I mentally waved goodbye to my three hundred dollars.

“I’d like to try an occupational therapy session instead.”

“Sure.” Better to get some value for our money.

Miss Julie took Caroline back over to the mat. “I’m going to fold you up like a hot dog in a bun,” she said. Caroline lay down. Miss Julie rolled the mat up around her like a cocoon. “Ready to go for a ride?” Before Caroline could answer, Miss Julie yanked the end of the mat free, like a magician jerking the tablecloth out from under a place setting. Caroline flew out and crashed into another mat.

Scott and I jumped up. “Are you OK?”

Caroline stood. She turned around a couple of times, then found Miss Julie. She cocked her head and pointed to the mat. She said, “Again.”

“But Caroline can’t handle being up in the air like that!” I protested. “I can’t even hold her up over my head.”

“Usually they hate this,” Miss Julie confirmed. “It’s designed to help the vestibular system and to assist with proprioception. But most kids are so scared at first that they can’t do it more than once in an hour-long session.”

Scott said, “I’d be scared of that, and I’m an adult.”

“And you didn’t even tell her what was coming,” I added. “She never does anything for anybody without being told exactly what’s going to happen.”

Caroline repeated, “Again.”

Miss Julie once more rolled Caroline up and once more sent her flying.  This time, when Caroline got up, she oriented towards the table with the color chips. When she got there, she sat. She picked up the blue. “Blue,” she said. And then, “Red,” and “Pink,” and “Green,” and “Yellow”, all while collecting the right squares.

Scott and I sat down.

“That’s highly atypical,” said Miss Julie. “I’ve been doing this ten years, and I’ve never seen a child do that.”

We would get used to hearing those words. Gross motor dyspraxia. Highly atypical. That summed our daughter up.  For weeks, Caroline would struggle with a problem, seeming to gain no ground at all. And then suddenly,  it would be as if the problem had never existed.

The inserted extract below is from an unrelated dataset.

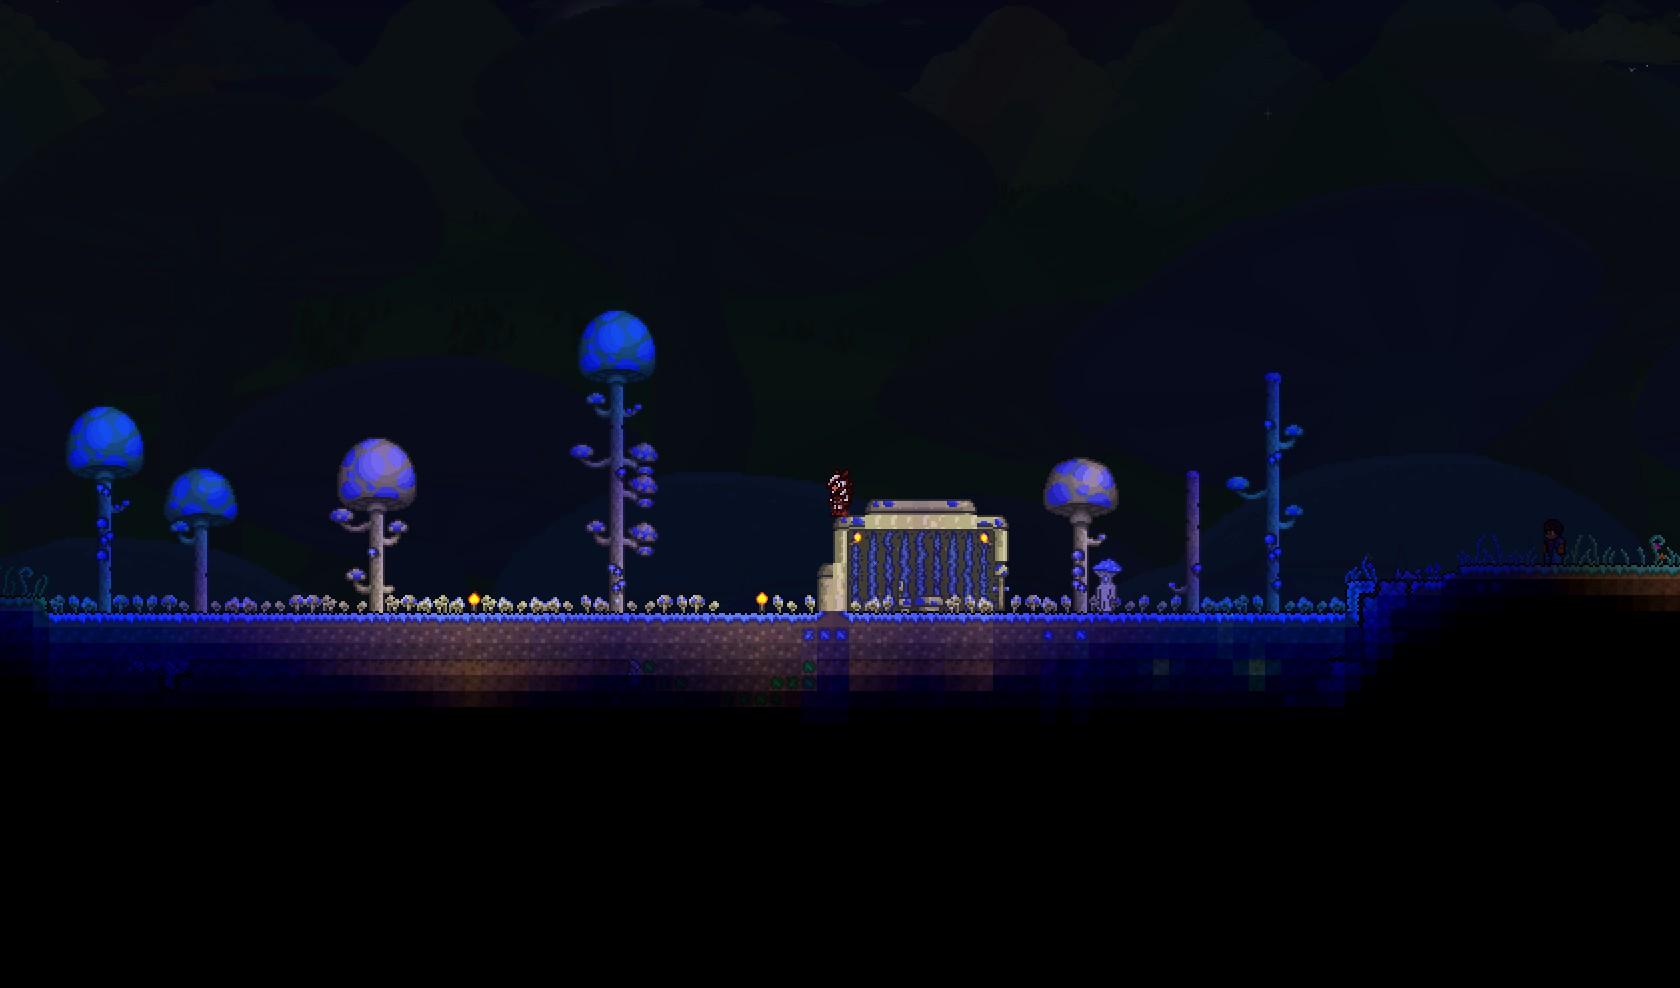 Glowing Mushroom Biome Terraria Wiki Fandom Powered By
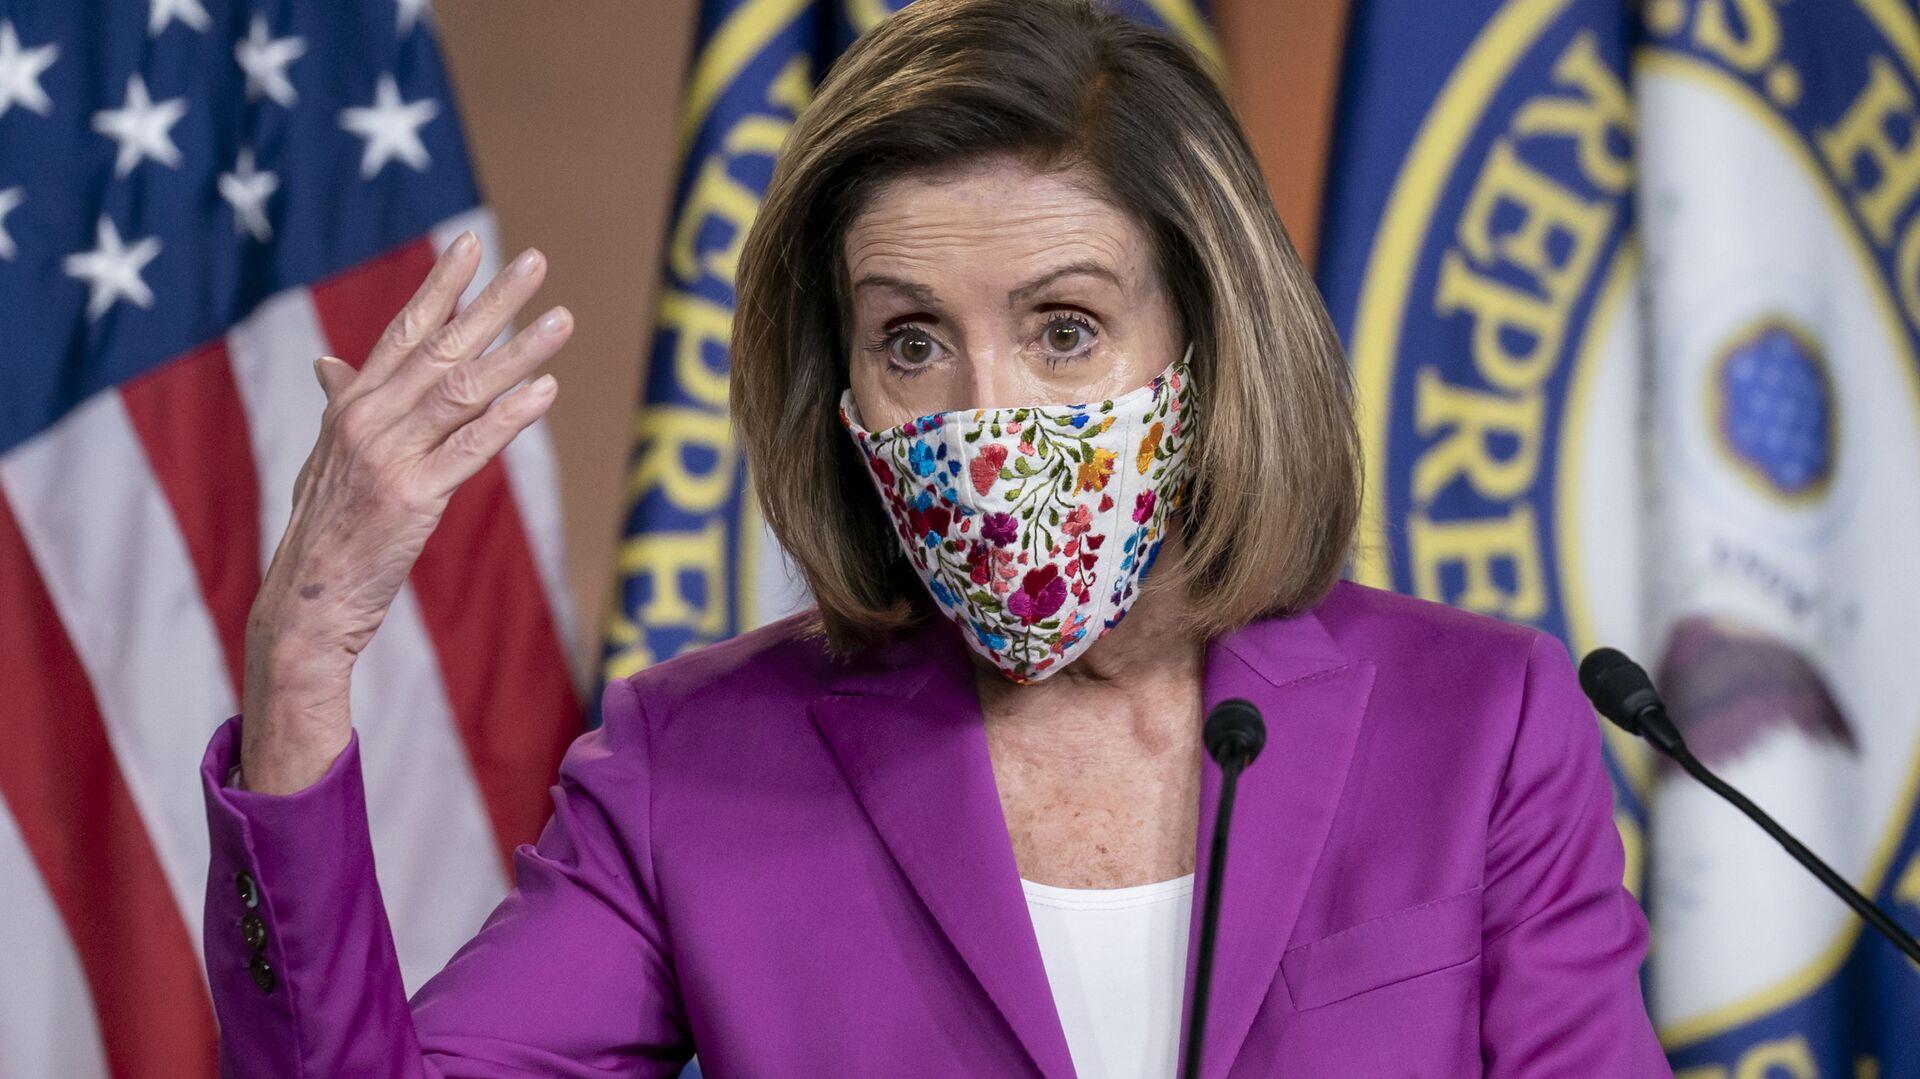 Nancy Pelosi, presidenta de la Cámara de Representantes de Estados Unidos - Sputnik Mundo, 1920, 24.06.2021

She refused to sit on the swing.

She refused to sit on the swing.

She refused to sit on the swing.

And then one day, she stood on the swing.

 

She couldn’t do the rock wall.

She couldn’t do the rock wall.

She couldn’t do the rock wall.

And then one day, Miss Julie turned around to talk to me and when we both looked over, Caroline was at the top of the rock wall.

“She has to think her way through something first, doesn’t she?” Miss Julie asked.

“All the way,” I said.

“I’ve known kids who worked like that before,” said Miss Julie, “but not to this extreme.”

Caroline howled from the top of the wall. “I’m stuck!”

“She just named her problem!” Julie and I said together. Then Julie hurried over. “Good job using your words!” she praised. And she began the long weeks of teaching Caroline how to climb back down.